The Marketing and Communication
- What should be expected of the Internal Audit’s quarterly reports?
The Internal Audit must provide all relevant information and materials in a clear and succinct manner, prioritising key strategies and risk areas. A report should include, appropriate: observations and findings, performance metrics, risk assessment, Audit plans, practice management protocols and quality assurance.
- What risk or control concerns should the Internal Audit be reporting to the Board?
The CAE and the Board establish criteria for risk exposure or control issues that are significant enough to warrant reporting. Using their judgment, they must determine what infractions are ‘Board-worthy’ concerns and which are not.
- Are the in-camera sessions being utilised effectively?
The CAE needs to decide what and how they communicate sensitive information during in-camera sessions. There may be topics missed in the prepared materials or matters of importance that must be highlighted.
Evaluating the Benefits of an Internal Audit
- How should the Board evaluate the Internal Audit function?
The Board must evaluate the performance of the Internal Audit functions to enhance the department’s potential.

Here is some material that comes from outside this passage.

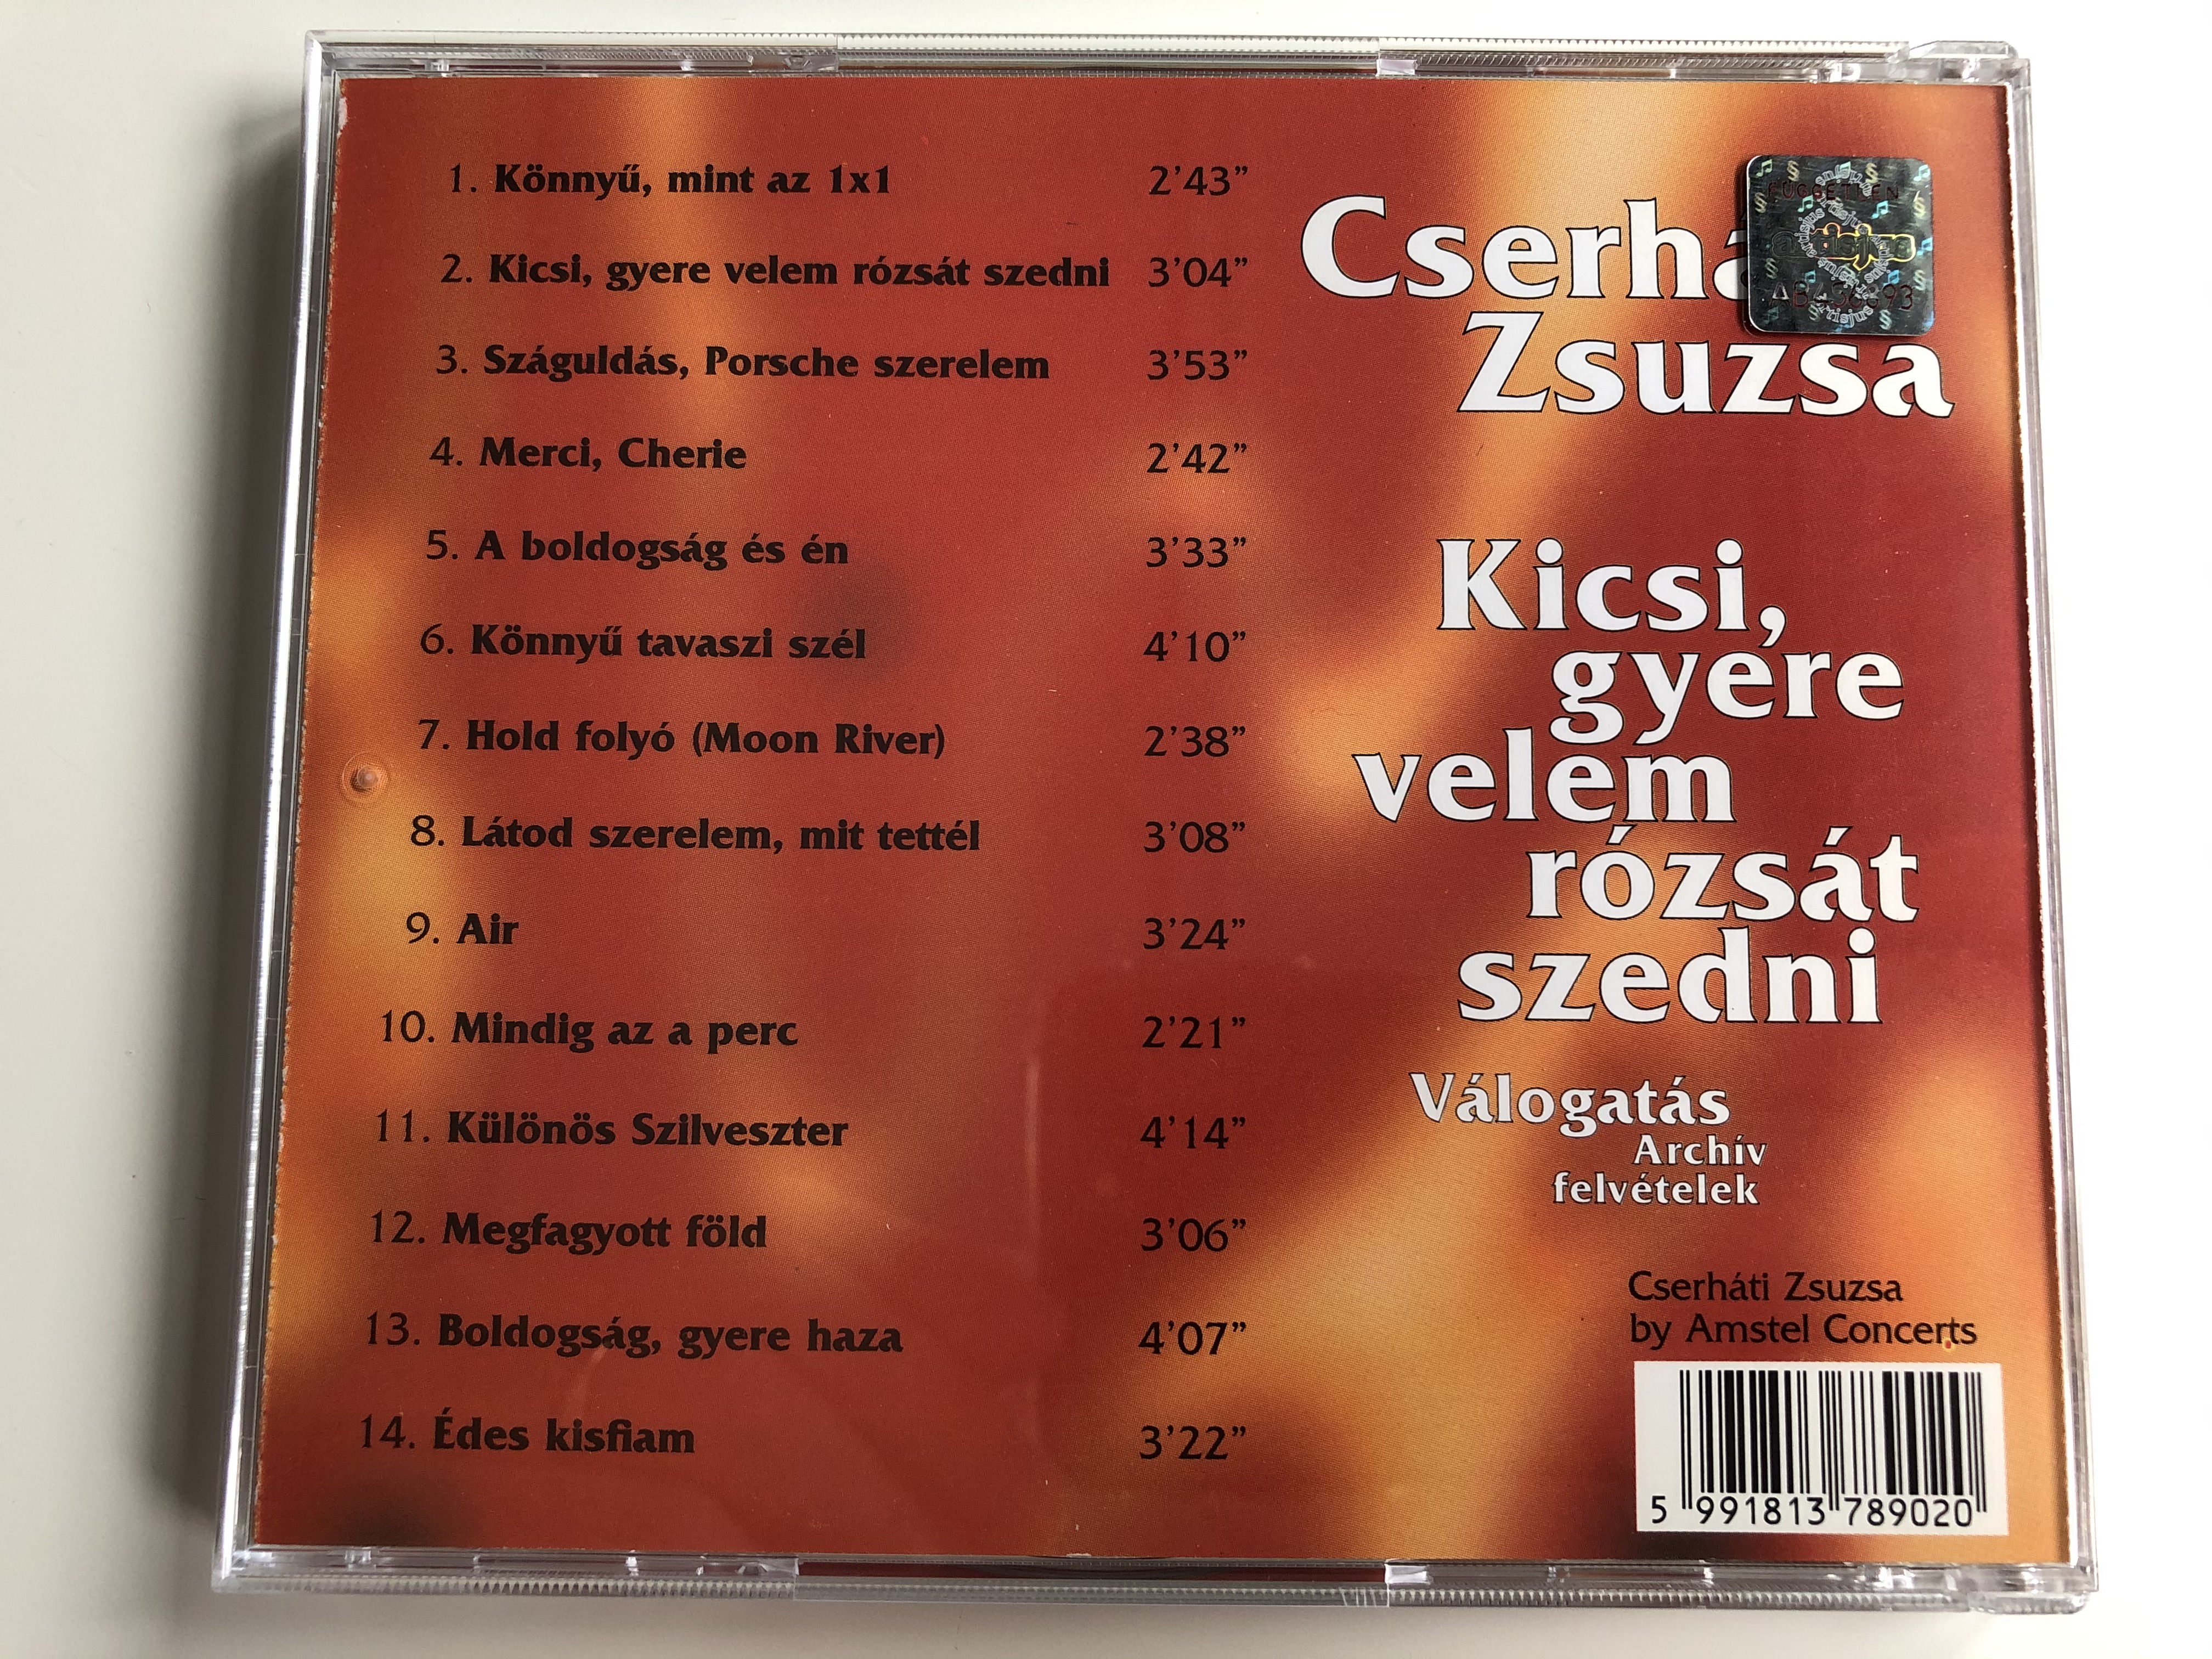 cserh-ti-zsuzsa-kicsi-gyere-velem-r-zs-t-szedni-valogatas-archiv-felvetelek-gong-audio-cd-1997-hcd-37890-5-.jpg

This should account for the perspectives of management, relevant business units as well as the CAE, themself. Recommended practices include: board-level metrics, management evaluations, internal audit self-assessment, external quality assessments and client surveys.
- Is the Internal Audit being held to industry-leading standards?
The Internal Audit’s department should be as responsive, to any internal and/or external changes, as the Board are. They should update or maintain all the skills, resources and learning required to inform and advise that organisation and its Board on an evolving basis.